On the 5th day of #RareChristmas Phoebe wants you to know...the disease is always there. Some days are good, they're filled with laughter, joy, smiles, and playing around. Some days are bad, they're filled with tears, sadness, pain and being curled up in a blanket. But no matter the day, good or bad, the disease is always there, and it's presence is always known. The symptoms never go away, they just lessen or intensify, with no rhyme or reason to why they do. So you make the most of the good days, because you never know when they will change. And you fight through the bad days, hoping they don't last too long. #12DaysofRareChristmas
On the 4th day of #RareChristmas Phoebe wants you to know....the spoon theory by Christine Miserandino. The theory is simply a story that explains what it is like to live with a chronic illness or disability. A person who is chronically disabled or ill only has a limited amount of expendable energy each day. The spoon theory uses a metaphor of spoons to turn energy into a measurable concept. A person living with chronic illness or disability only has a certain number of spoons in their possession each day, and every small action a person takes can result in a lost spoon. Once a person loses a spoon, it is very hard to get that back until after a full night’s sleep.
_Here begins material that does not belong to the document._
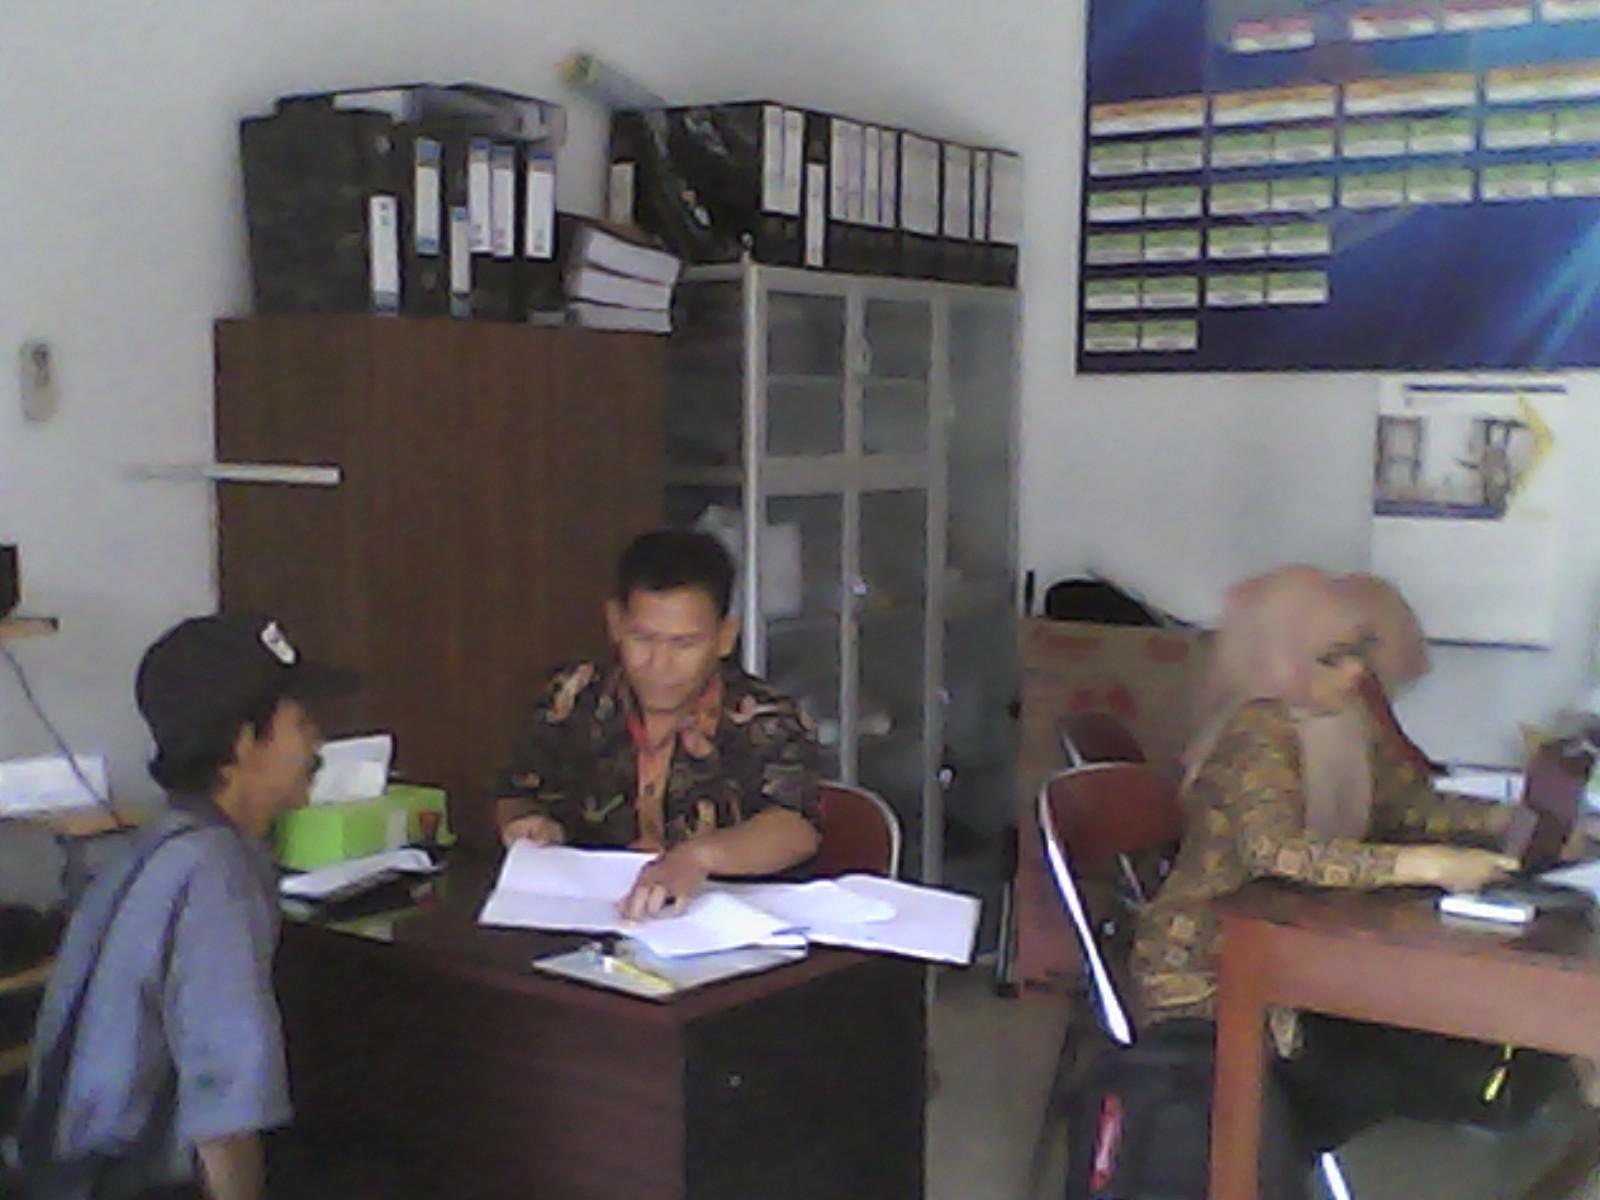 Suasana Pelayanan Publik di Kantor Desa Makar Jaya.

Simple actions like getting out of bed, taking a shower, walking, and driving can require enormous amounts of energy that people don’t have. These chronic illnesses or disabilities can be visible or invisible. You cannot look at a person and tell if they have a chronic illness or disability or not, and these illnesses are not always physical in nature.
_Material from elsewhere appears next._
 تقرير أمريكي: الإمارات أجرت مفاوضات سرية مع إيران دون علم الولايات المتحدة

On the 3rd day of #RareChristmas Phoebe wants you to know...living rare comes with limitations. You are not always able to do things other children your age do. You are not always able to experience things your siblings have as they have grown. You are not always able to participate in activities and gatherings with friends and family. Phoebe experiences many limitations each day. And no matter how routine her limitations are, or how "used" to them she has become, she still longs to be just like her sisters, able to do all the things they get to do. #12DaysofRareChristmas
On the 2nd day of #RareChristmas Phoebe wants you to know...living rare measn fighting to stay out of the emergency room. With the excitement of Christmas, looking at the lights, waiting for Santa and the joy of playing with her new toys, Phoebe has a difficult time pacing herself. She doesn't want to miss anything and does not take the rest or fluids she needs. There past few years she has needed trips to the ER the day after Christmas for IV fluids and rest. And while we have not had to make a trip to the ER yet today, she is balancing on the edge of possibly needing to go. So it is with the tricks her team of doctors have taught us that she is fighting very hard to stay at home. #12DaysofRareChristmas
On the 1st day of #RareChristmas Phoebe wants you to know...living rare usually means you have a large team of doctors that you visit frequently. Phoebe has a team of 16 doctos in 12 specialties across 3 states that work on her care. Having a team of doctors that size means she has an appointment with on of them just about every week, sometimes she has multiples appointments a week, and occassionally she is lucky to have a week with no appointments at all. But whether or not we have appointments during the week, we are in constant communication with her team of doctors discussing her case, reviewing results, brainstorming ideas, or updating on her current status. #12DaysofRareChristmas
The true author of this blog is my daughter Phoebe. This is her life. I am blessed beyond words to be her mommy and to be able to share her story with you.